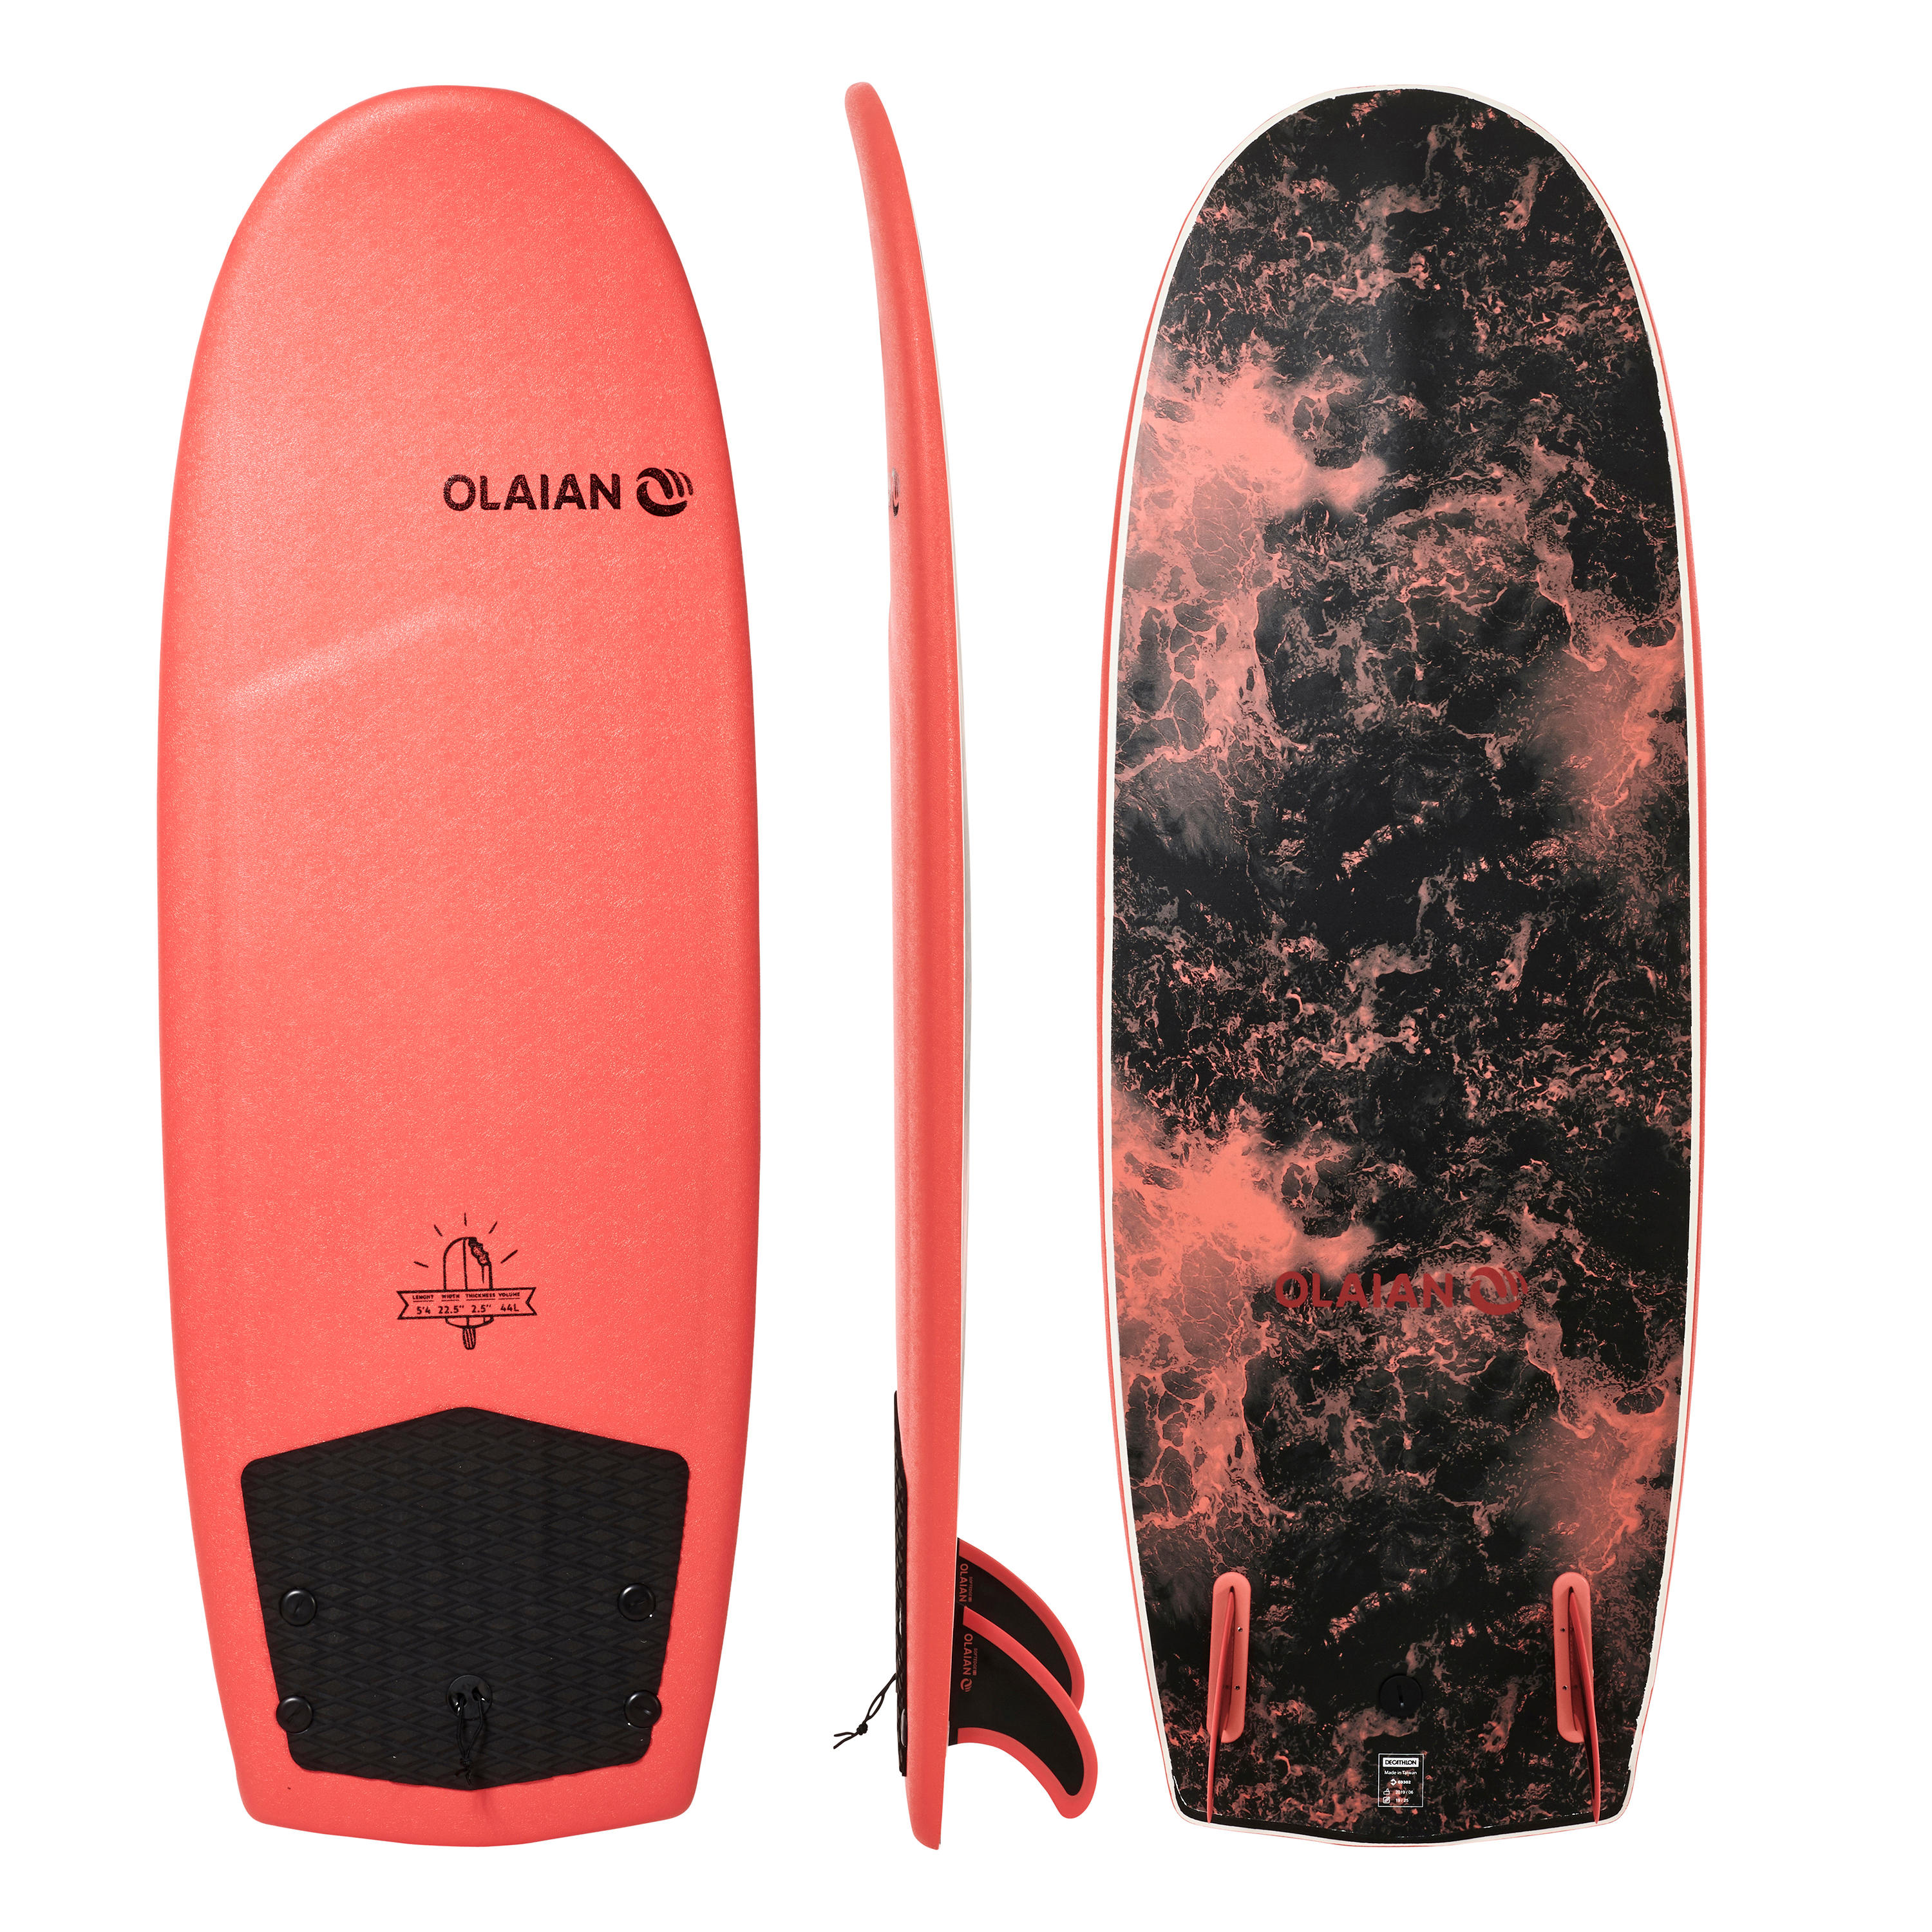 OLAIAN Surfboard Schaumstoff 900 5'4" Lieferung mit 2 Finnen
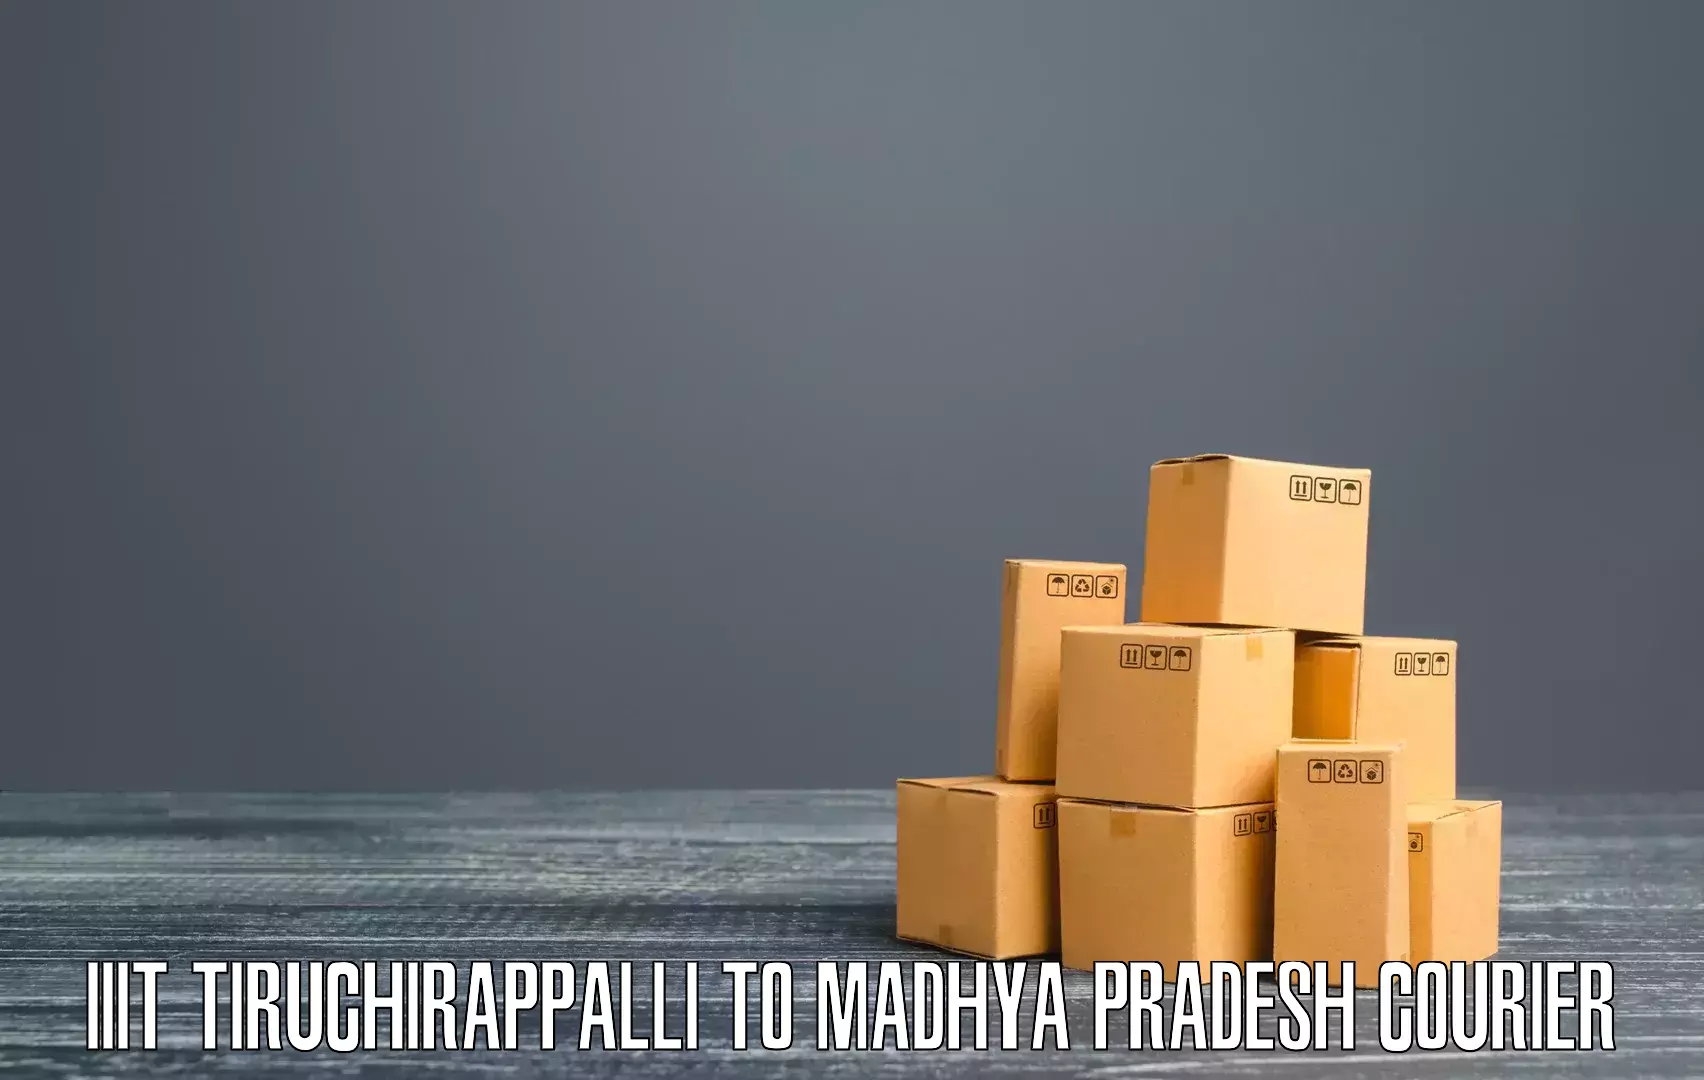 Efficient courier operations IIIT Tiruchirappalli to Churhat
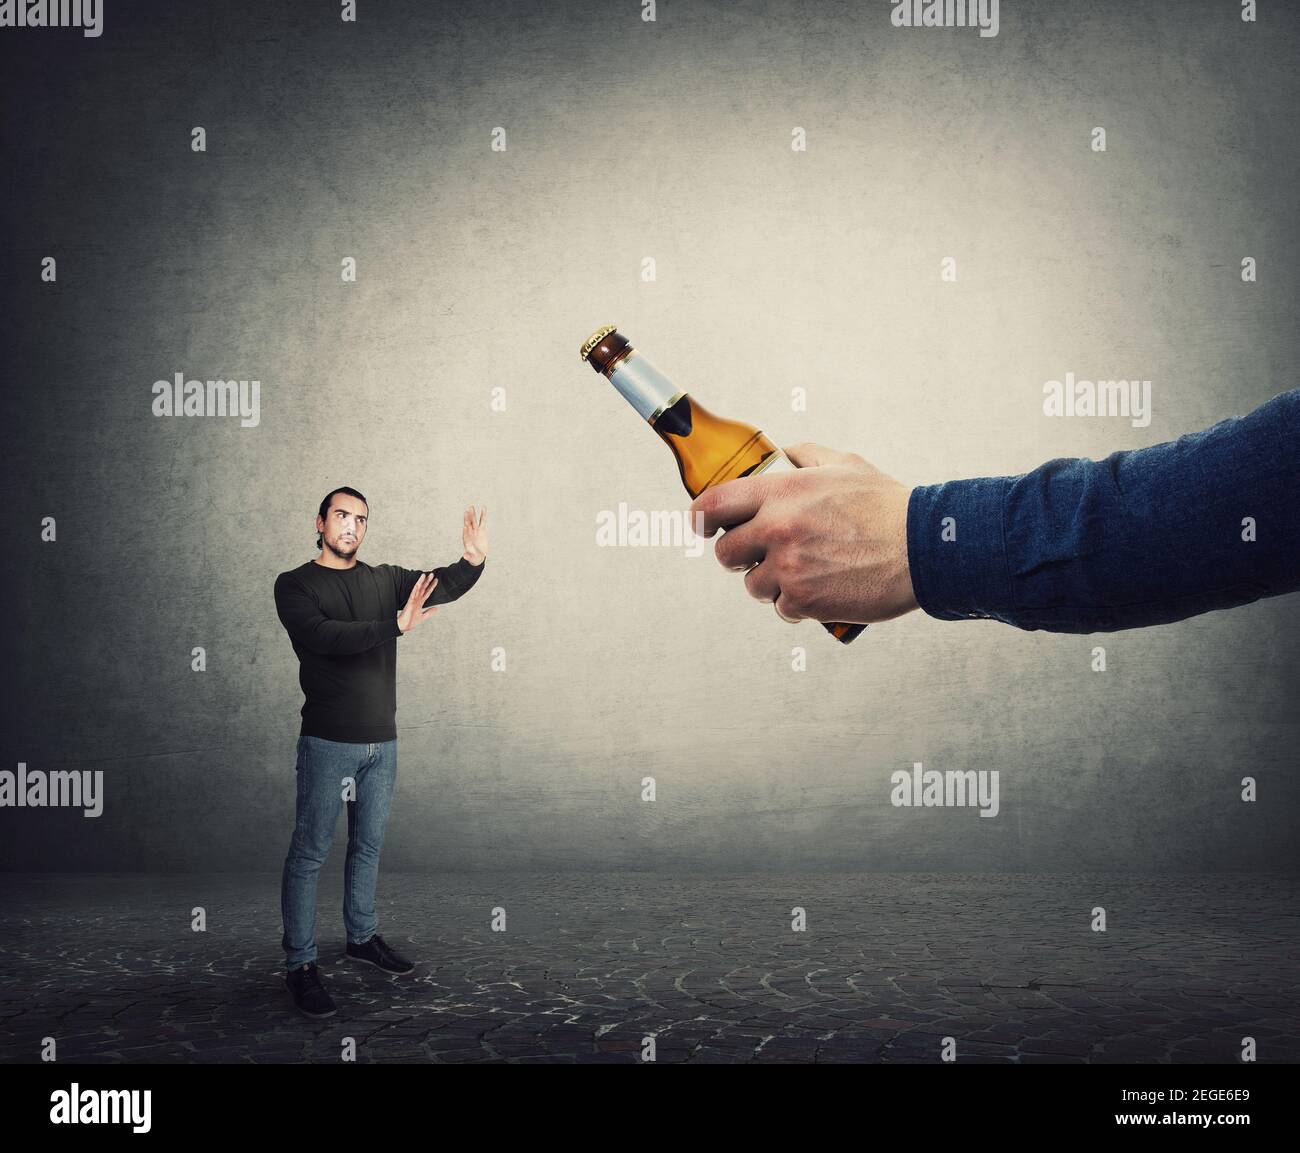 Smettere di consumare alcol concetto. L'uomo rifiuta di prendere una bottiglia di birra da una mano gigante, come metafora per vincere contro la dipendenza. Il ragazzo respinge bere alc Foto Stock
□ □ □
# Exercise goal
Without the pictures, return the whole of the data exactly as given.

# Reply
 OLAIAN Surfboard Schaumstoff 900 5'4" Lieferung mit 2 Finnen
 Efficient courier operations IIIT Tiruchirappalli to Churhat
 Smettere di consumare alcol concetto. L'uomo rifiuta di prendere una bottiglia di birra da una mano gigante, come metafora per vincere contro la dipendenza. Il ragazzo respinge bere alc Foto Stock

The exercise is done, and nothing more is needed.